It was Benjamin Franklin – in a letter to Jean-Baptiste Leroy – who penned “In this world nothing can be said to be certain, except death and taxes!” I do wonder how one treats a topic like this with a financial planning client. For me, it’s part of academic research to manage longevity risk with a process.
Having worked on this for a good number of months, the insights gained are becoming many and varied. We started from the premise that there must be a better way than simply the buffer approach that produces the wrong outcome for the vast majority of retirees. Replacing the static approach for a rebalancing one means the plan morphs – or undergoes a gradual transformation – for the survivors. Using a process puts the emphasis on the best available information, whilst still ensuring that the assets last for the required period.

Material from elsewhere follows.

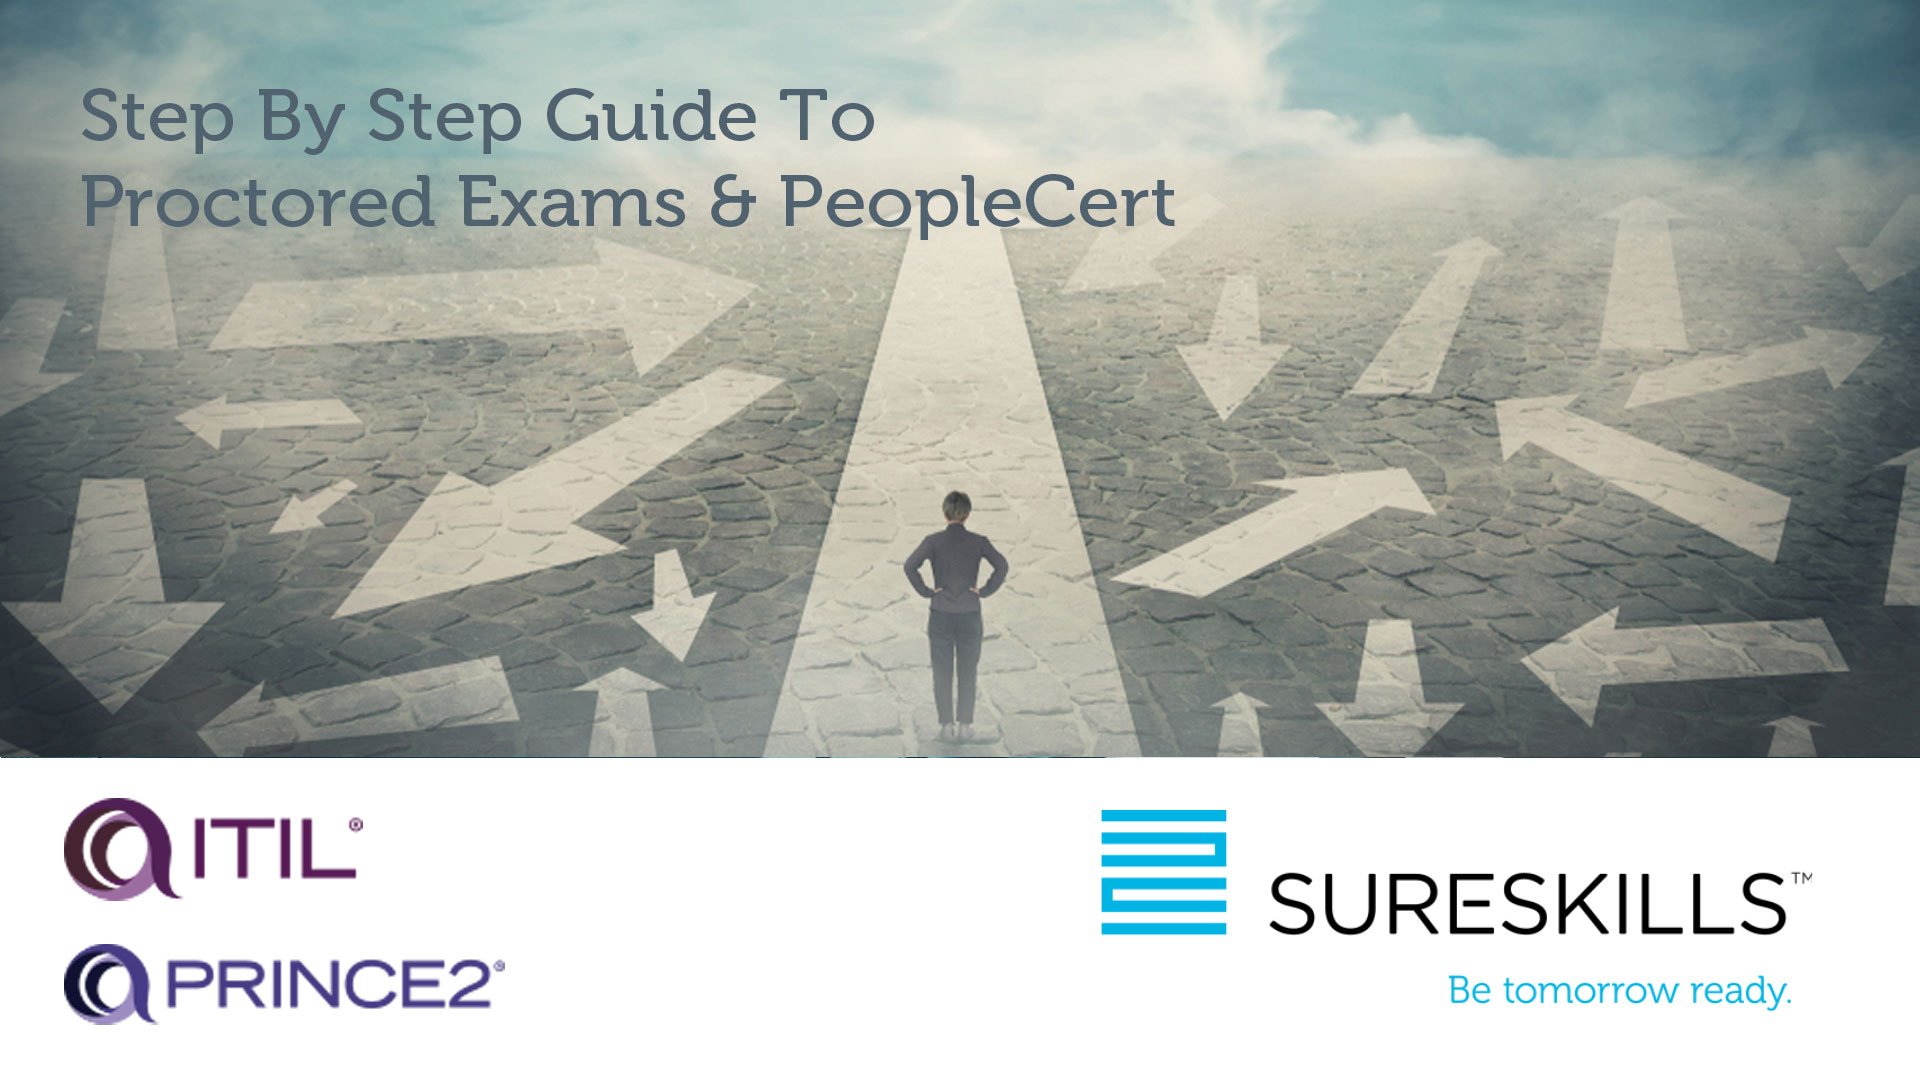 ITIL-PRINCE2-EXAM-Proctored-Guide-PeopleCert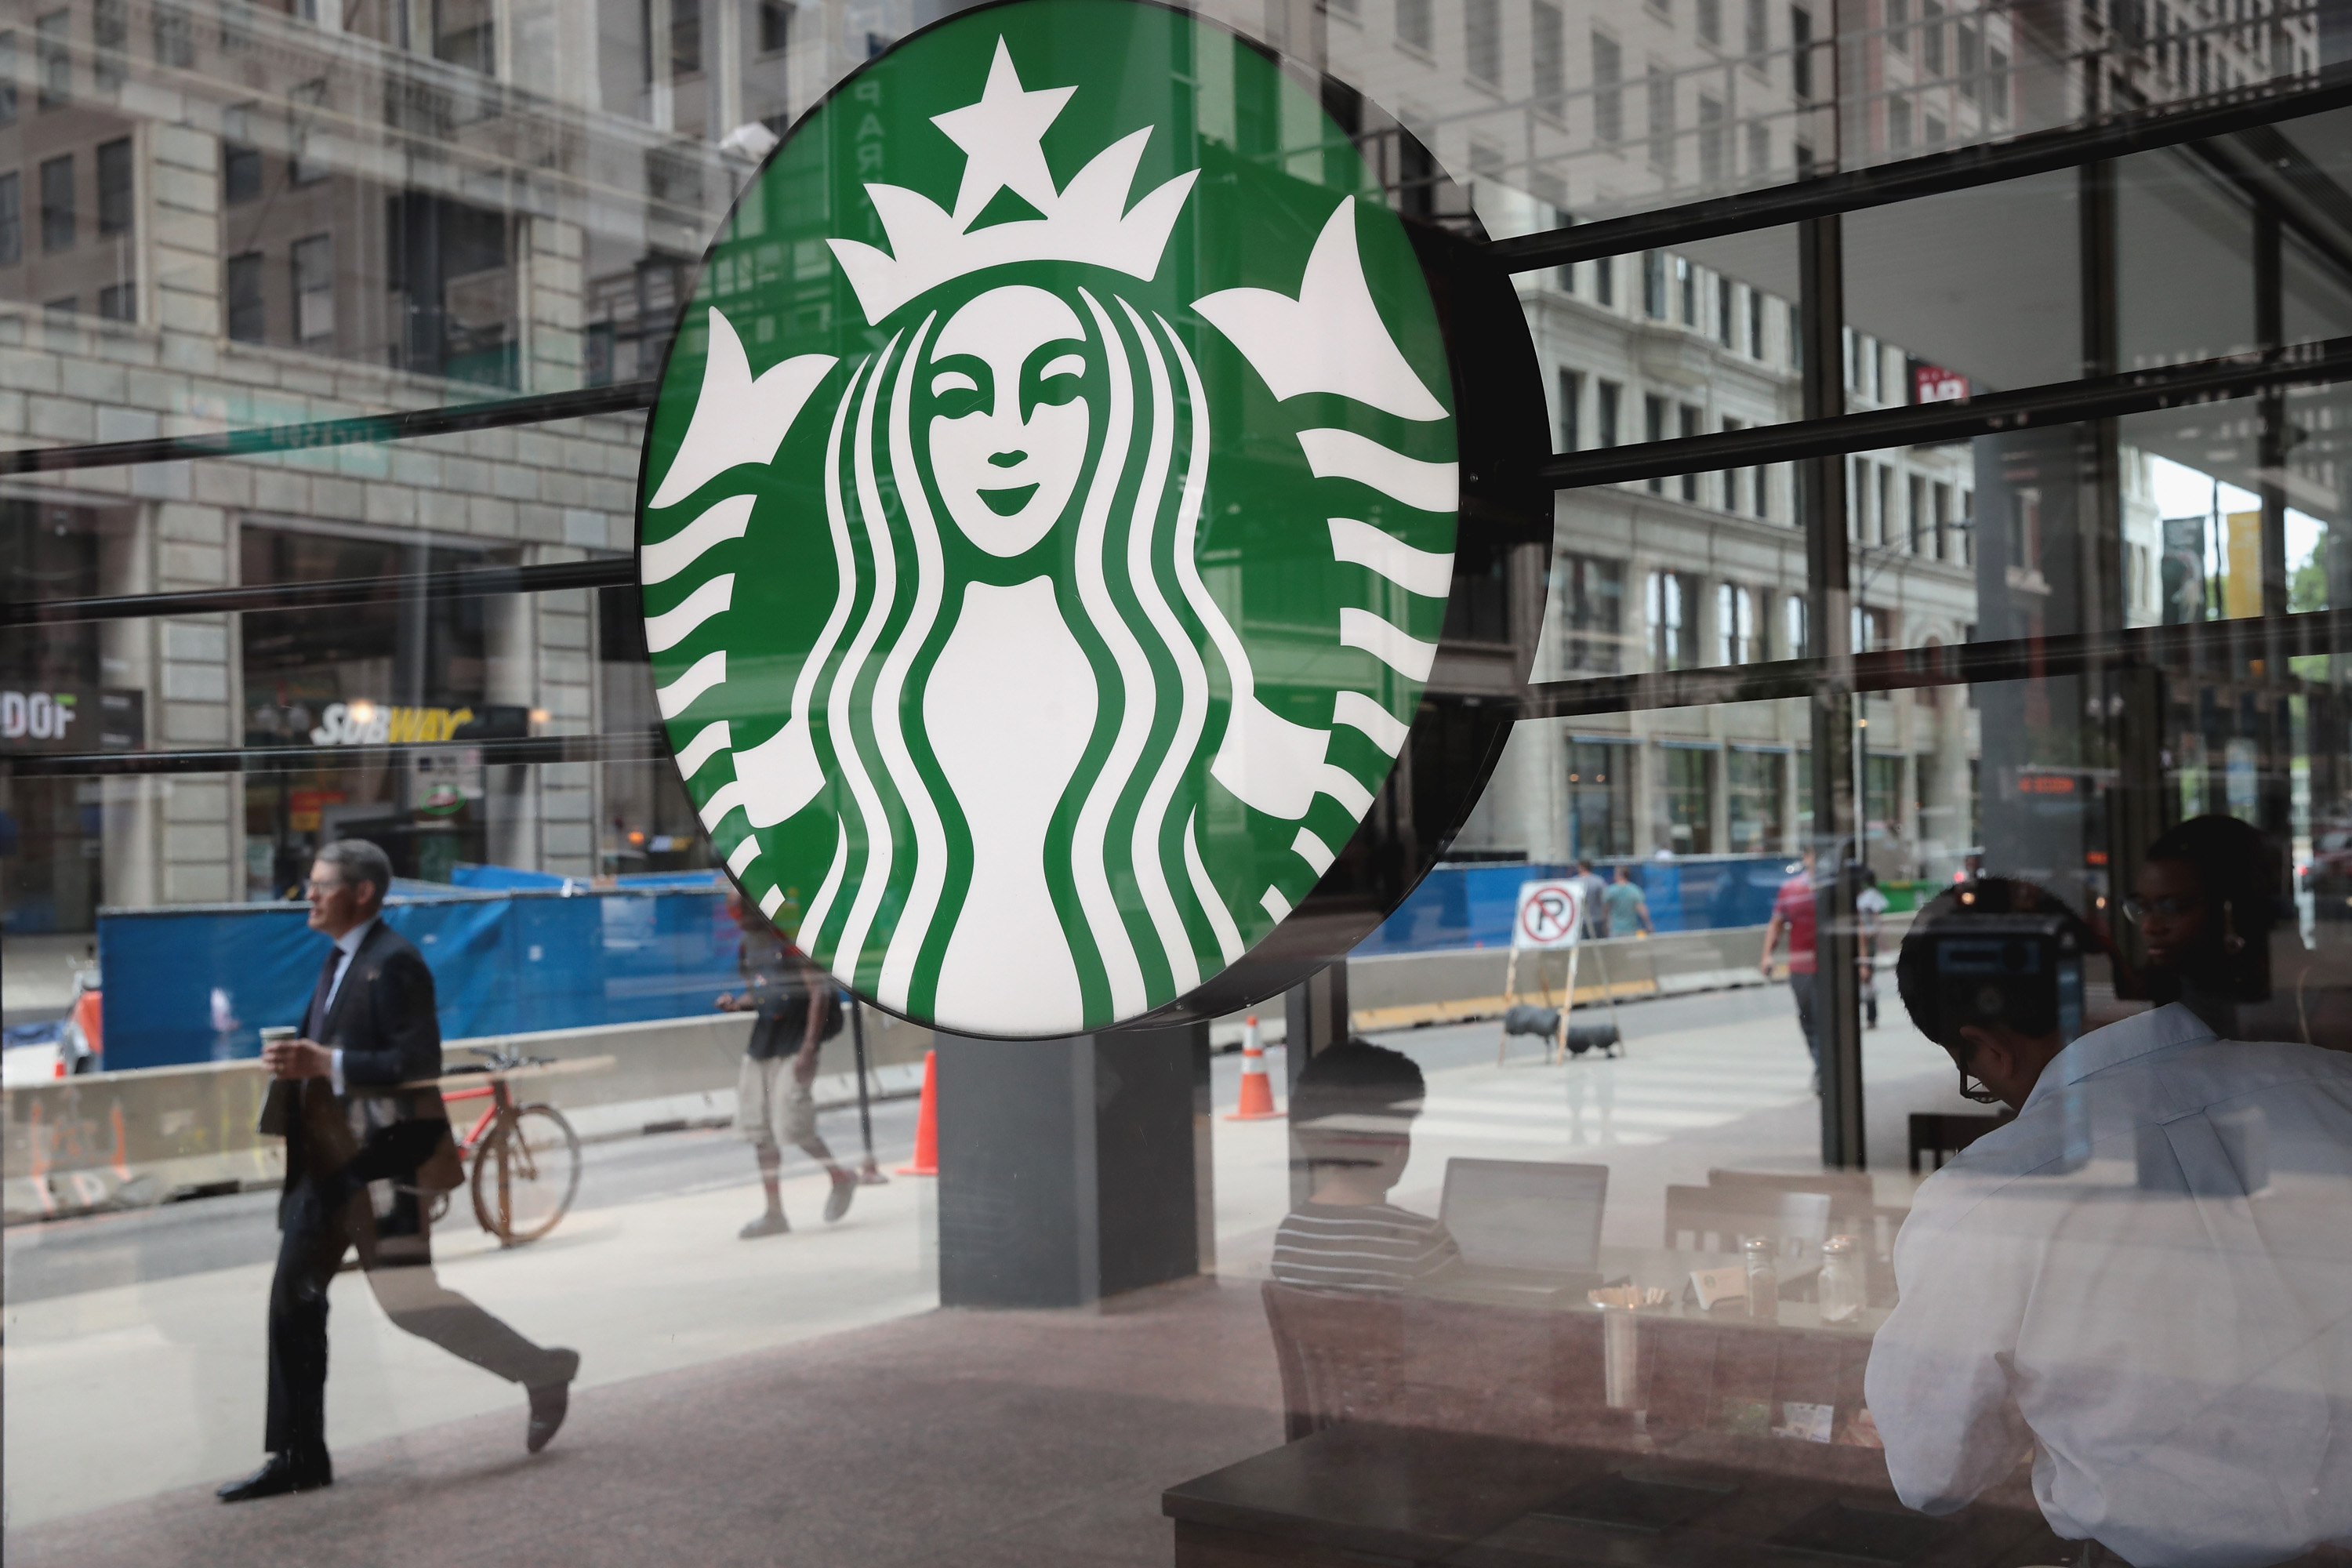 A Chicago Starbucks on May 29, 2018

Next the source of funds model was enhanced. What you get as a part pension depends on how logically the capital is used. It’s critical to have a step down in the planned retirement income upon the first death (say to 70-75%) if one wants to ensure an optimal outcome. A single person on this level of income enjoys the same standard of living.
Much of what is being modelled is to provide comfort to the retiree that a recommended level of income is sustainable and that there is a plan to manage unexpected outcomes of survival – to ensure the money will last. This is truly an area where a planner can show extra value being provided to the client each year – exactly what is needed in the “opt in” environment of post FOFA implementation.
In recent days, I have been researching what typically happens when the first member of a couple passes away after the expected 16 or so years. Under both the buffer approach, and to a lesser extent the rebalancing approach, upon the first death the monies being held for the contingency of that retiree living further years is released. This release of financial resources has (in the examples we have produced) been sufficient to ensure that longevity risk management is virtually not needed from this stage onwards. Standards of living that have become the norm for the couple can be sustained well beyond age 100.
This post retirement risk management area is truly interesting and one where we can be of great service to our clients.
Maths not only rules – but makes the uncontrollable tame!